From: David Farber <dave () farber net>
Date: Sun, 21 Oct 2001 21:39:33 -0400


Date: Sun, 21 Oct 2001 18:26:27 -0700 (PDT)
From: Vadim Antonov <avg () kotovnik com>
To: farber () cis upenn edu
Subject: Re: IP: query re Moscow Times: A Bit of History of US/Middle East
 Despot  relationships


I guess I can make a try.

Cannibal is the one who eats his own kind.  Supporting monarchies,
dictatorships, and otherwise suppressing ideals of the society for the
sake of protecting the same society are forms of ideological cannibalism.
The tactical expediency is not really a justification for that.

Actually, Solzhenitsin was referring to the Communist proclivity for
purging their own supporters ("Beat your own, so the enemies will fear");
it is a well-known fact that the harshest purges of 30s-40s were in NKVD
(aka KGB) and in the military.
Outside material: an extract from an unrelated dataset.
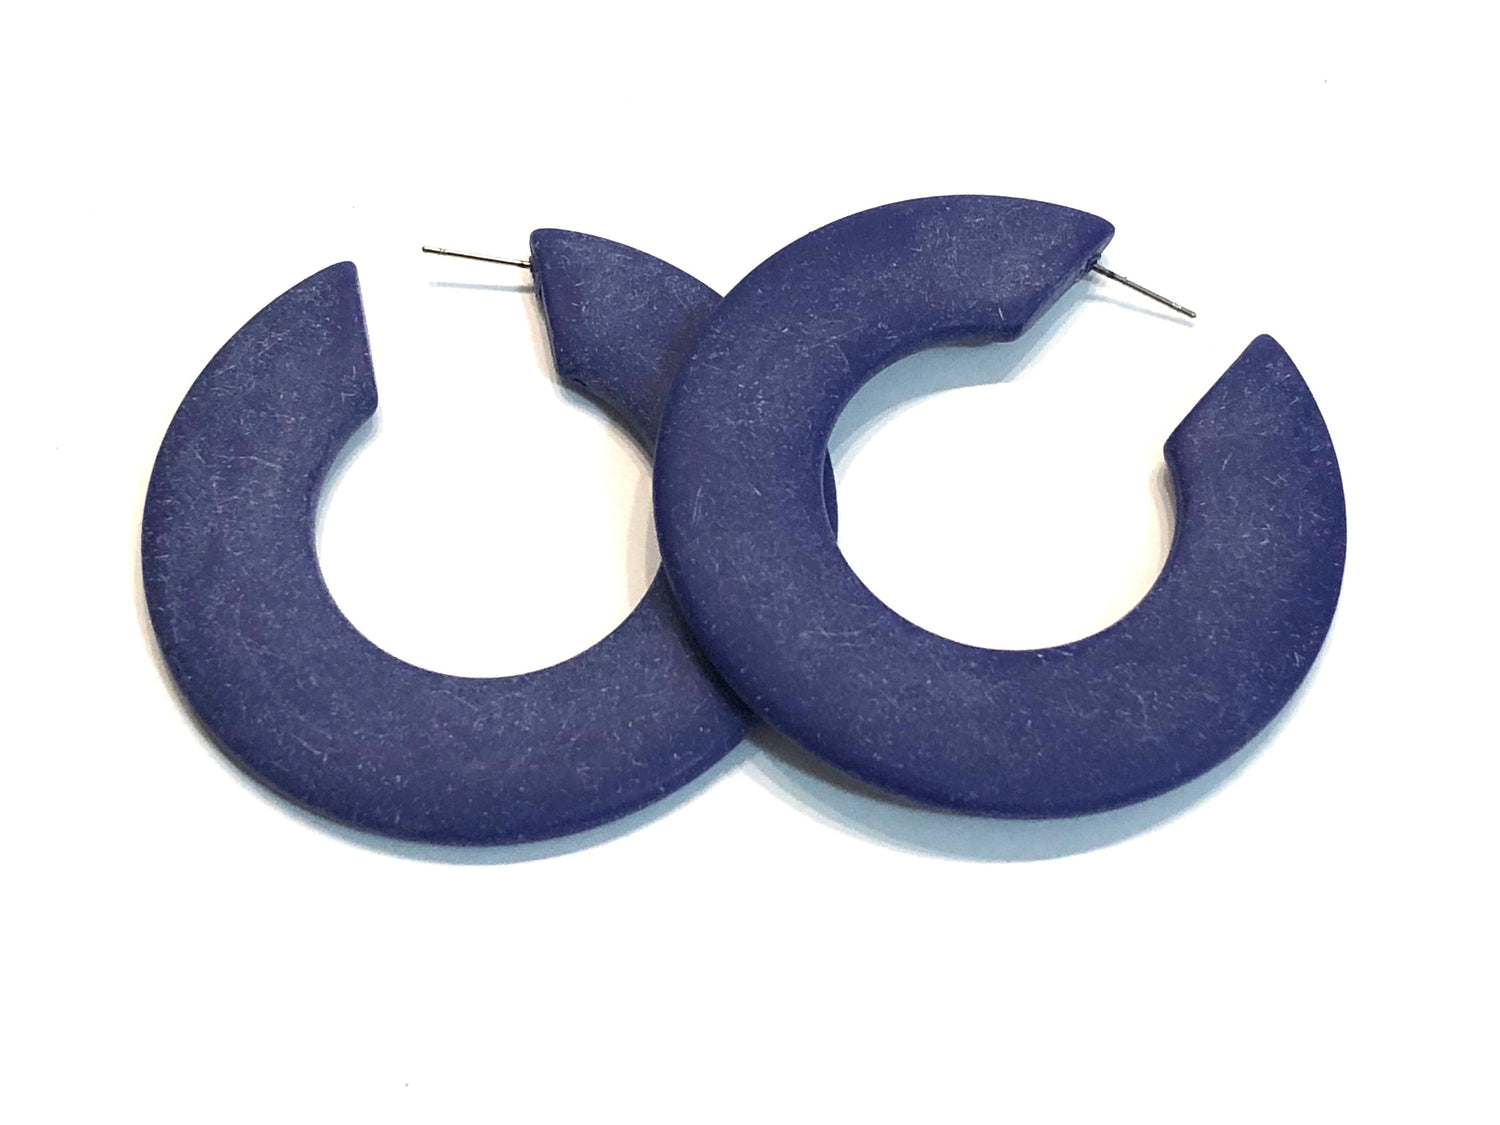 big navy blue earrings

Only few people from the original Bolshevik
government died from natural causes.  Going after American citizens for
voicing dissent, spying on them, censoring domestic media, etc are all
tools from the same old Communist arsenal.

On the other hand, liberal wooly-headedness which makes no distinction
between "us" and "them", thus preventing any understanding of their
motives (your average citizen of modern secular society just cannot accept
that there are deeply religious people who feel and think completely
differently) is probably just as disastrous.

This is because if one accepts the notion of such difference, then, if one
is honest with himself, he has to admit that no amount of good will or
flower power is going to change the minds of the current opponents.  It is
our existance which is an anathema for them.  It is against the core of
their beliefs.  There's no other course of action than to hunt them down,
kill their leaders, burn down their "schools" and have them to either
accept our notions of civility, or perish.  Just keeping their societies
down is guaranteed to breed more virulent forms of the same.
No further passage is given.